:: Data excerpts ::
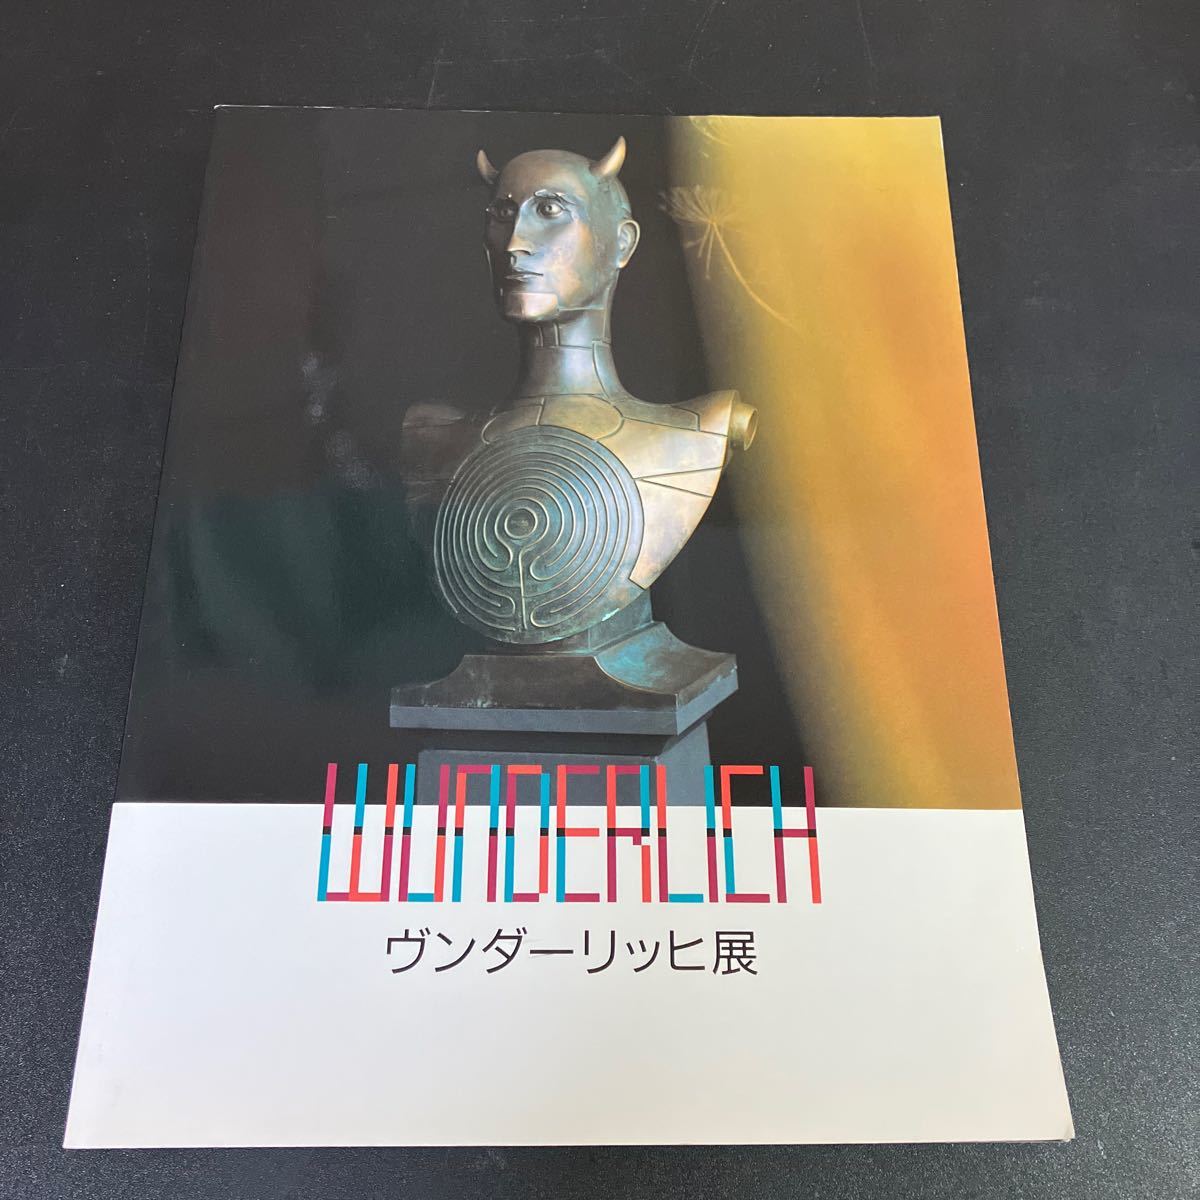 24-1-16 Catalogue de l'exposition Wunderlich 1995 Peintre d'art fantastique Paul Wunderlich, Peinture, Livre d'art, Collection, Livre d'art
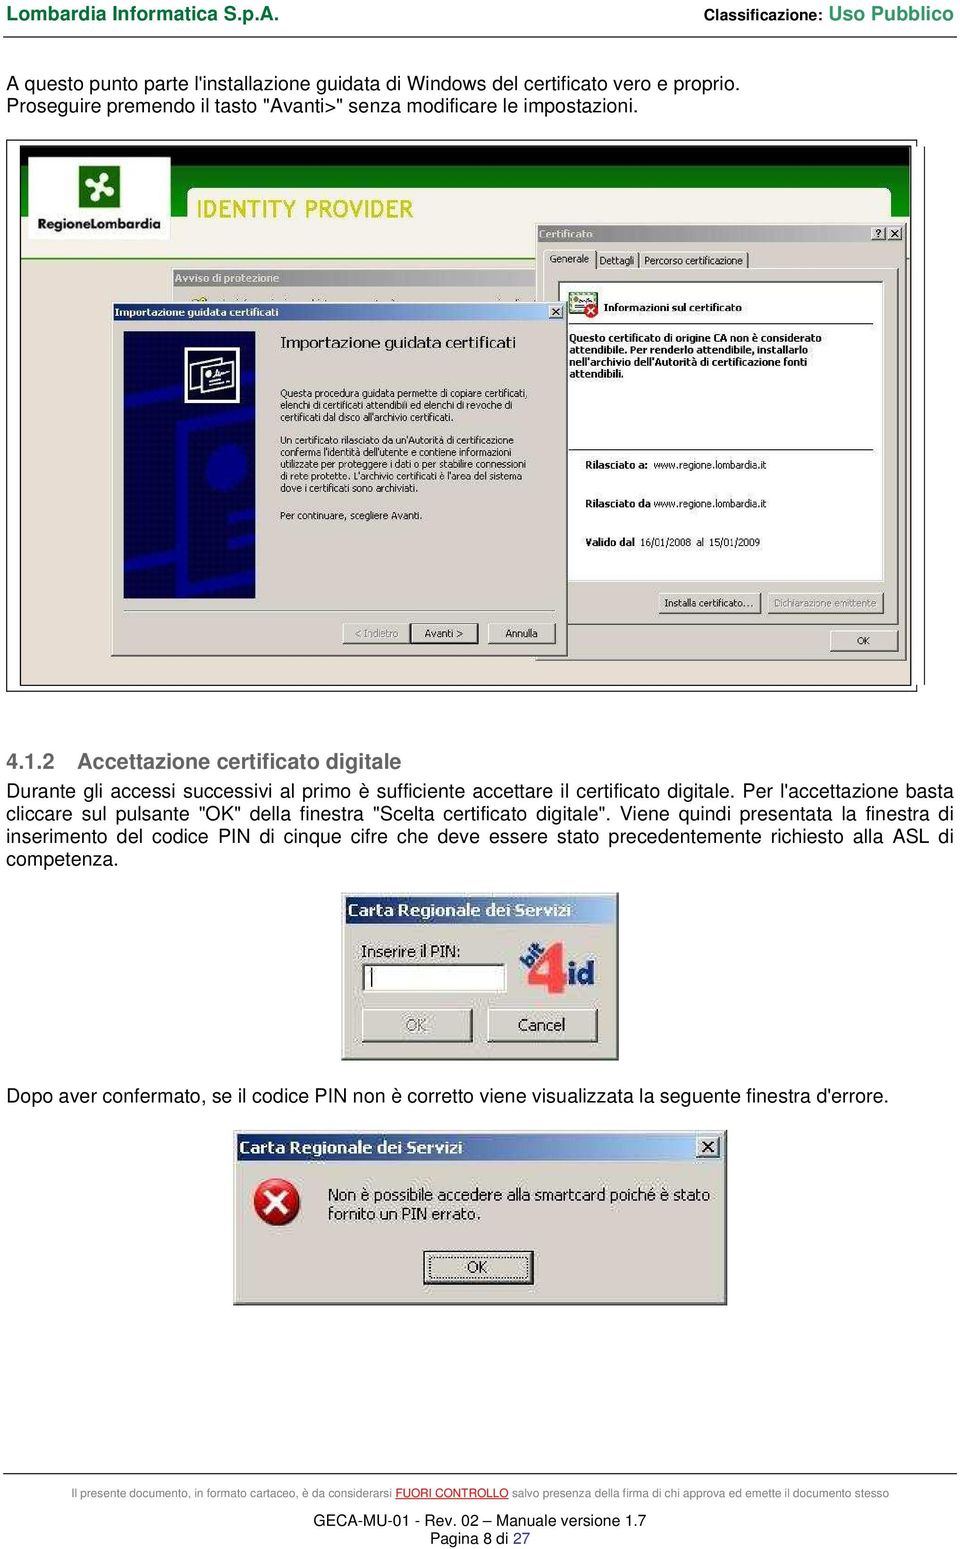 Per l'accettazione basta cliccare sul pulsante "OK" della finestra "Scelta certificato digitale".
==
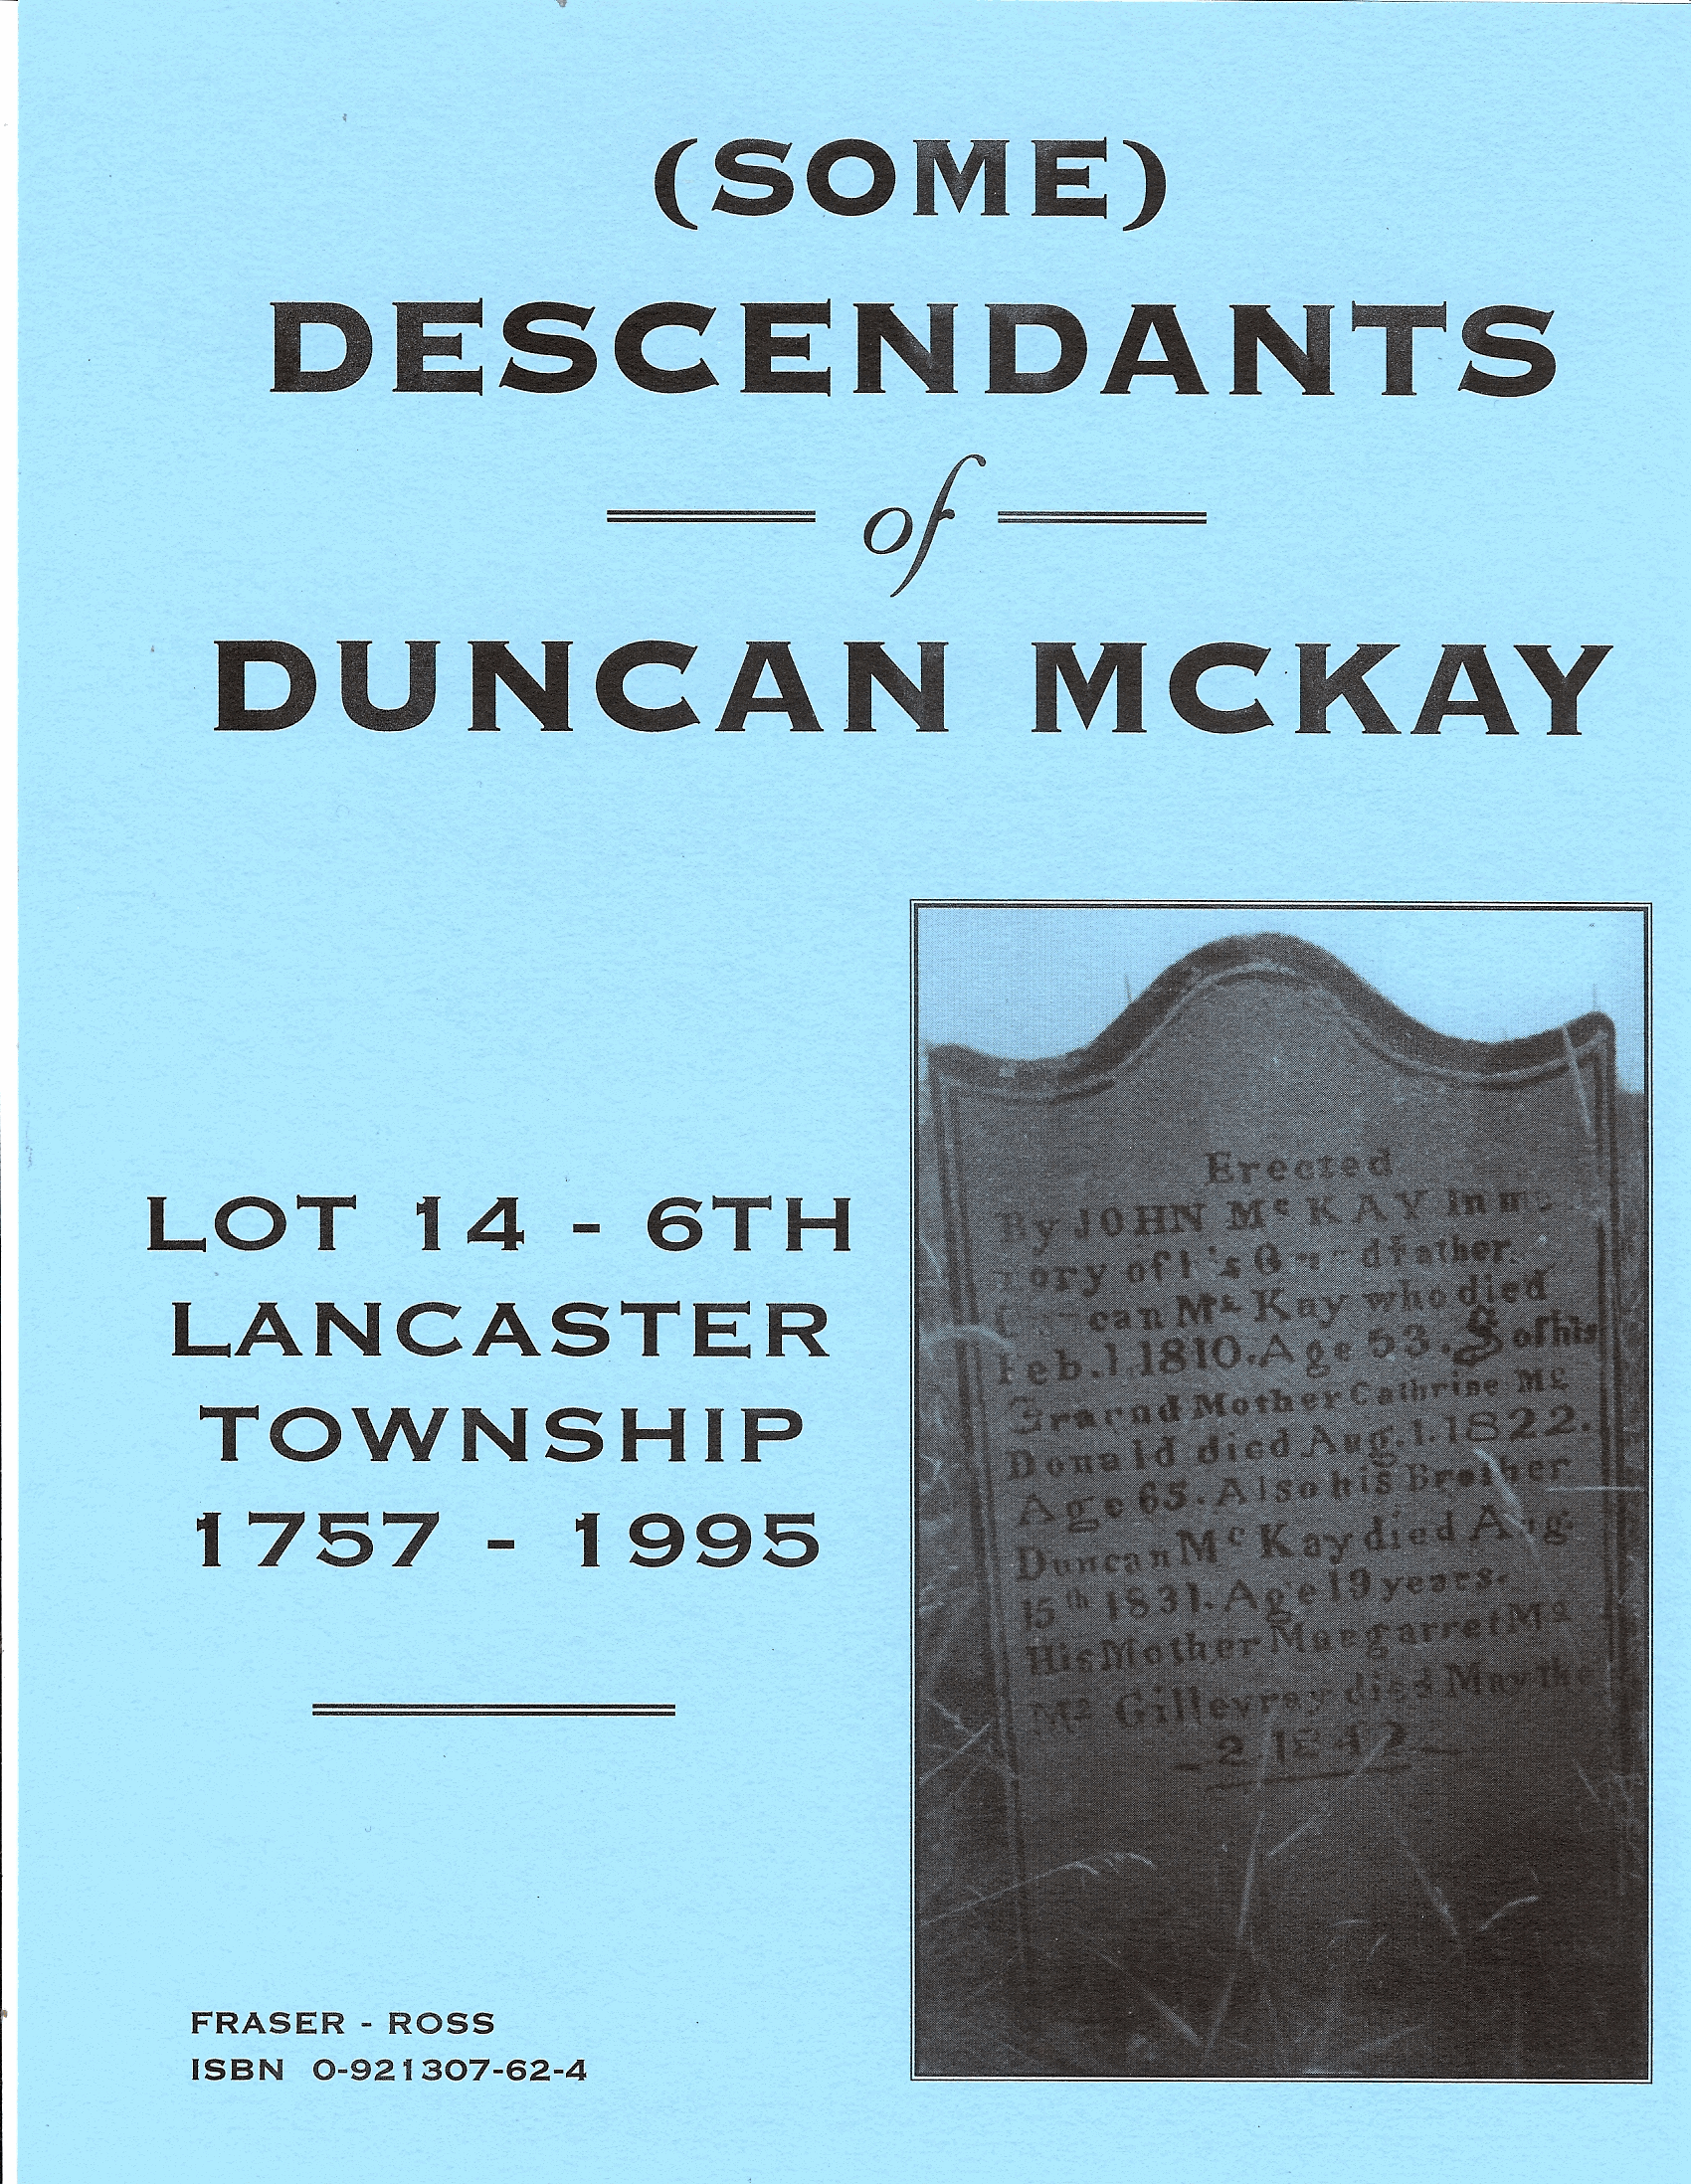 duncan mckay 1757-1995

:: Problem requirements ::
Begin at the line in the entries above that has "24-1-16 Catalogue de", stop after the line that has "Per l'accettazione basta", and output exactly those lines without pictures.

:: Exercise result ::
 24-1-16 Catalogue de l'exposition Wunderlich 1995 Peintre d'art fantastique Paul Wunderlich, Peinture, Livre d'art, Collection, Livre d'art
 Per l'accettazione basta cliccare sul pulsante "OK" della finestra "Scelta certificato digitale".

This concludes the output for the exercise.